A.住民税は前年の所得が対象なので過払いの可能性はないですが、所得税は実際の納税額と源泉徴収税額に差が生じることがあります。
所得税は毎月の所得から天引きにされていますが、所得控除を考慮されていません。
扶養控除等がある場合は、所得税を多く支払うことになります。
所得税を払いすぎた場合、年末調整により戻ってきます。
Q.同じ基本給で手取り収入に差が生じる理由は?
A.基本給が同じであっても、手取り収入に差が生じるケースがあります。
基本給以外に、手当や扶養家族の有無などが手取り収入に影響するためです。
社会保険料控除では、基本給のみならず手当も関与するので、手当が違うと控除額が異なります。
なお、住民税は前年度の課税所得が対象となるので、前年所得が手取り収入に影響します。
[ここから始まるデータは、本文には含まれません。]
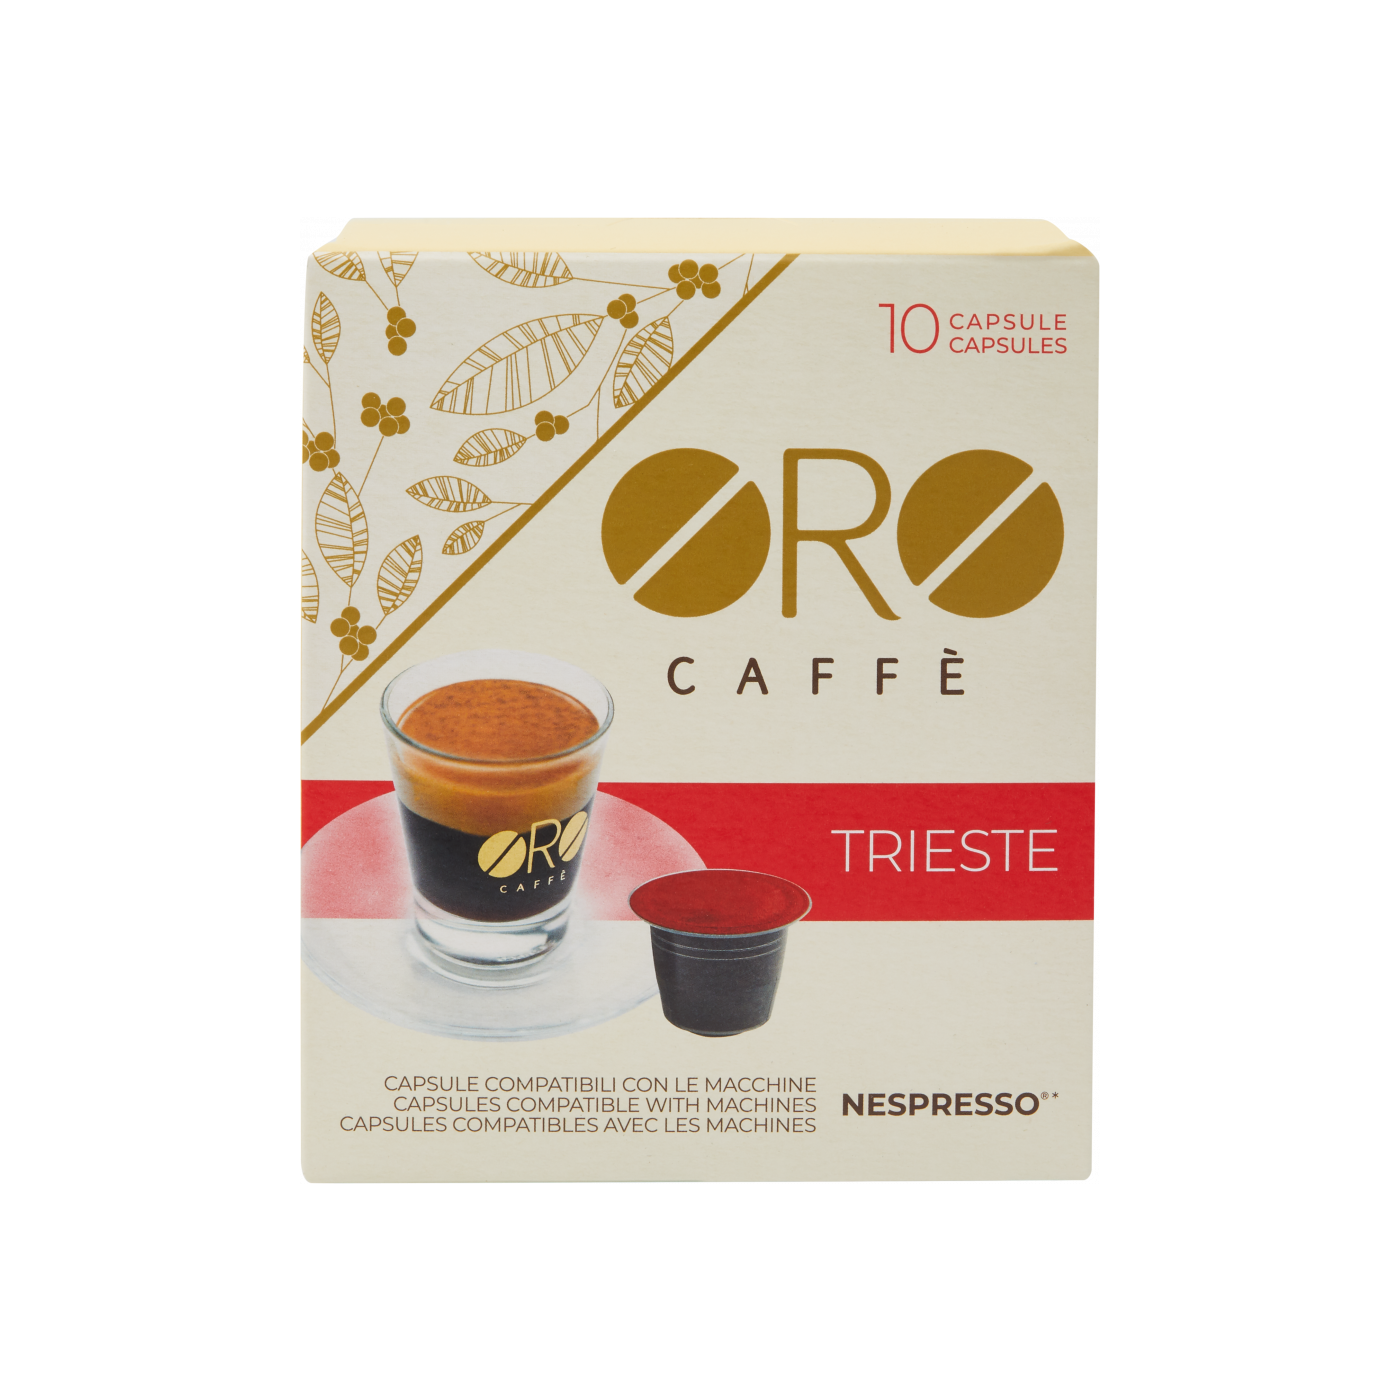 ORO Caffè Trieste Capsules for Nespresso (10)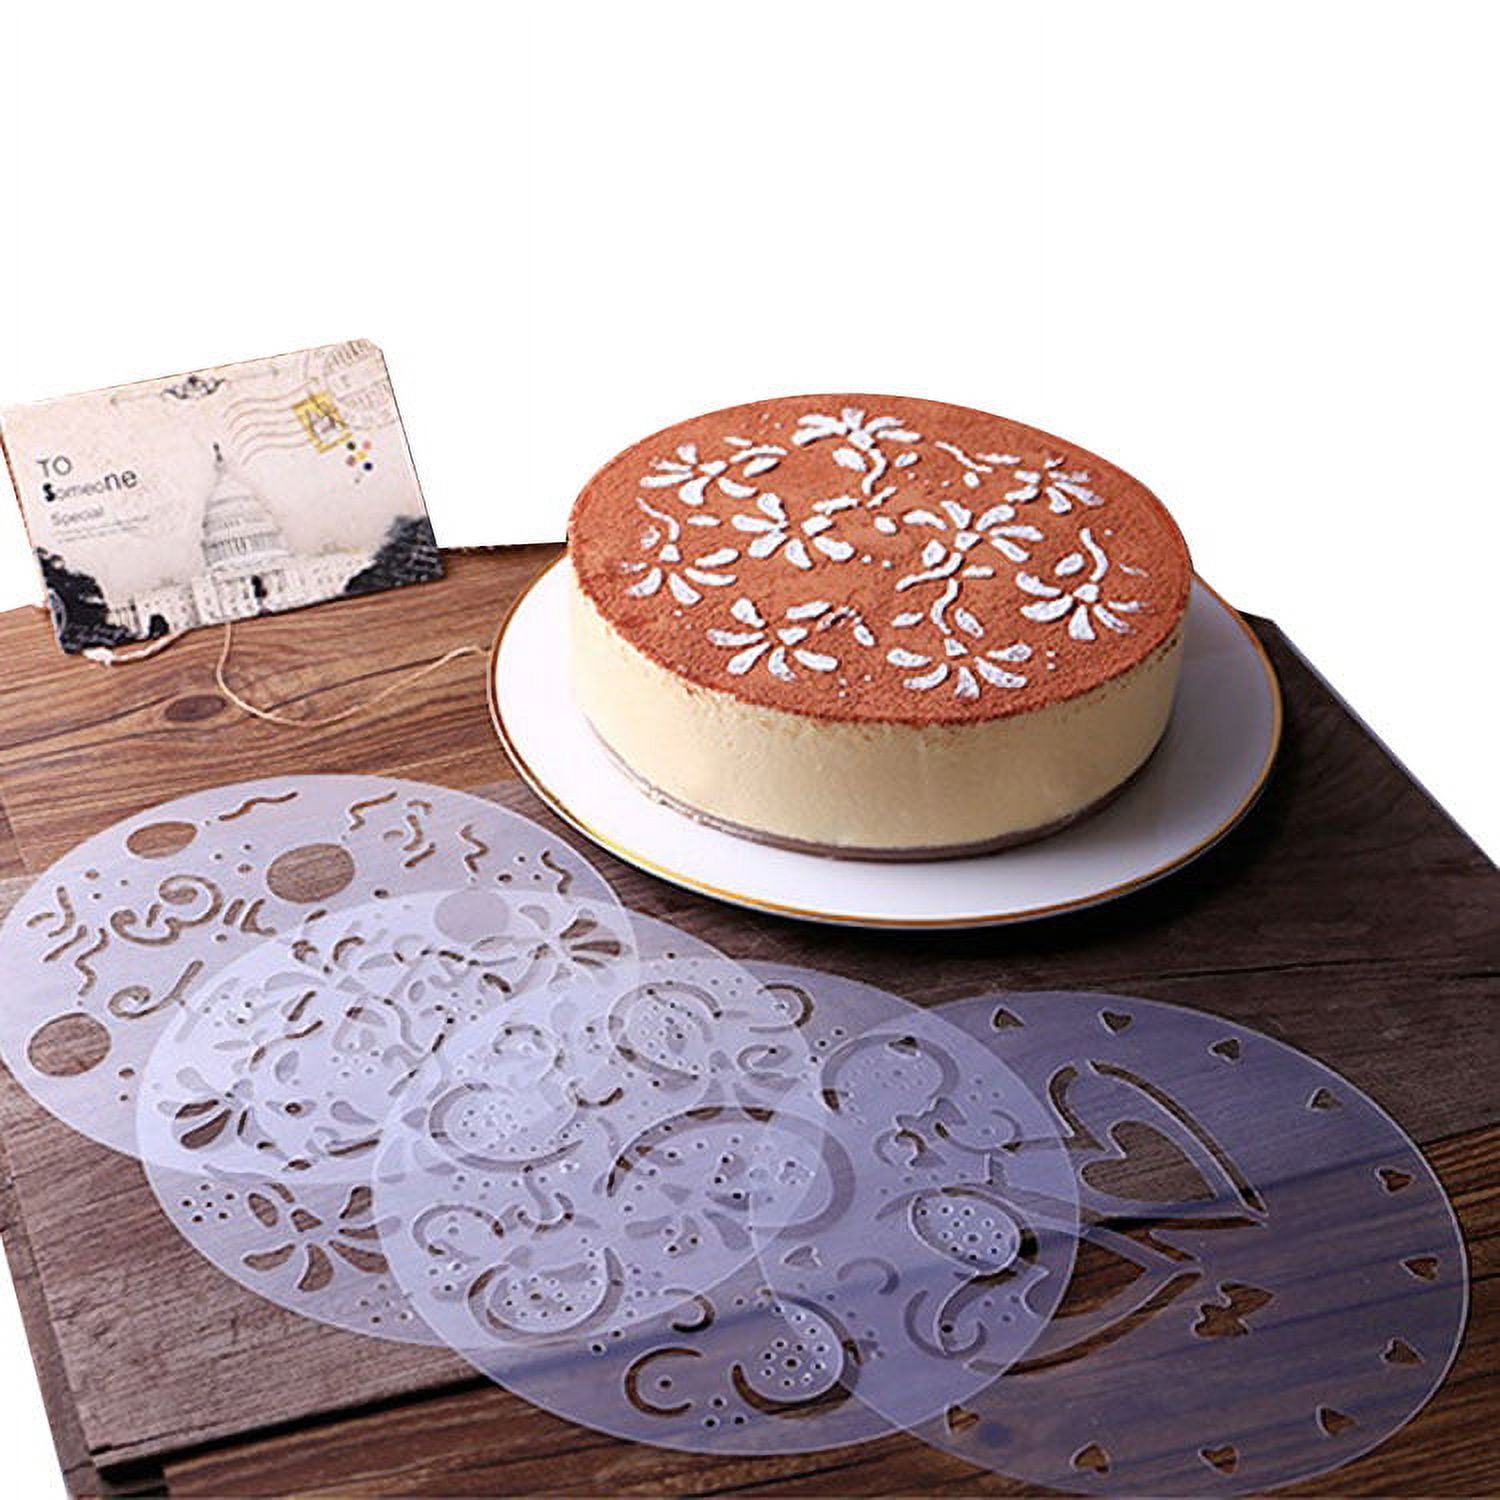 Cake Decorating Stencils & Templates,7 Pcs Decorating Cake Stencil Tool Cake Side Pattern Stencils for Buttercream Lace Cake Border Stencils DIY

基本給が同じでも、手取り収入が一致するケースは少ないでしょう。
Q.4月から6月に残業が多いと手取り収入は下がる?
A.4月から6月に残業が多く、残業代が増えると、手取り収入が下がる可能性があります。
社会保険料は、標準報酬月額をもとに決められた等級により算出されます。
社会保険料の等級は、4月から6月の給与の平均が基準となり、1年間適用される仕組みになっています。
そのため、4月から6月の給与が上がると等級が上がり、社会保険料の負担が大きくなる可能性があるのです。
ただし、社会保険料が上がり手取り年収が下がったとしても、必ずしも損とは限りません。
将来的に、年金などに還元されるケースもあります。
まとめ
額面年収は「給与の総支給額」、手取り年収は「給与の総支給額から、税金や社会保険料などを差し引いた金額」というのが重要なポイントです。
正しく年収を把握するには、額面年収と手取り年収を区別して考えることが大切です。
たとえば、転職活動をする際、記載されている給与や転職先へ伝える年収が額面年収であることを把握する必要があります。
一方、手元に残る金額を把握したい場合は、手取り年収を算出します。
なお、手取り年収を増やすには、工夫が必要です。
額面年収と手取り年収の違いなどを把握し、年収についての理解を深めましょう。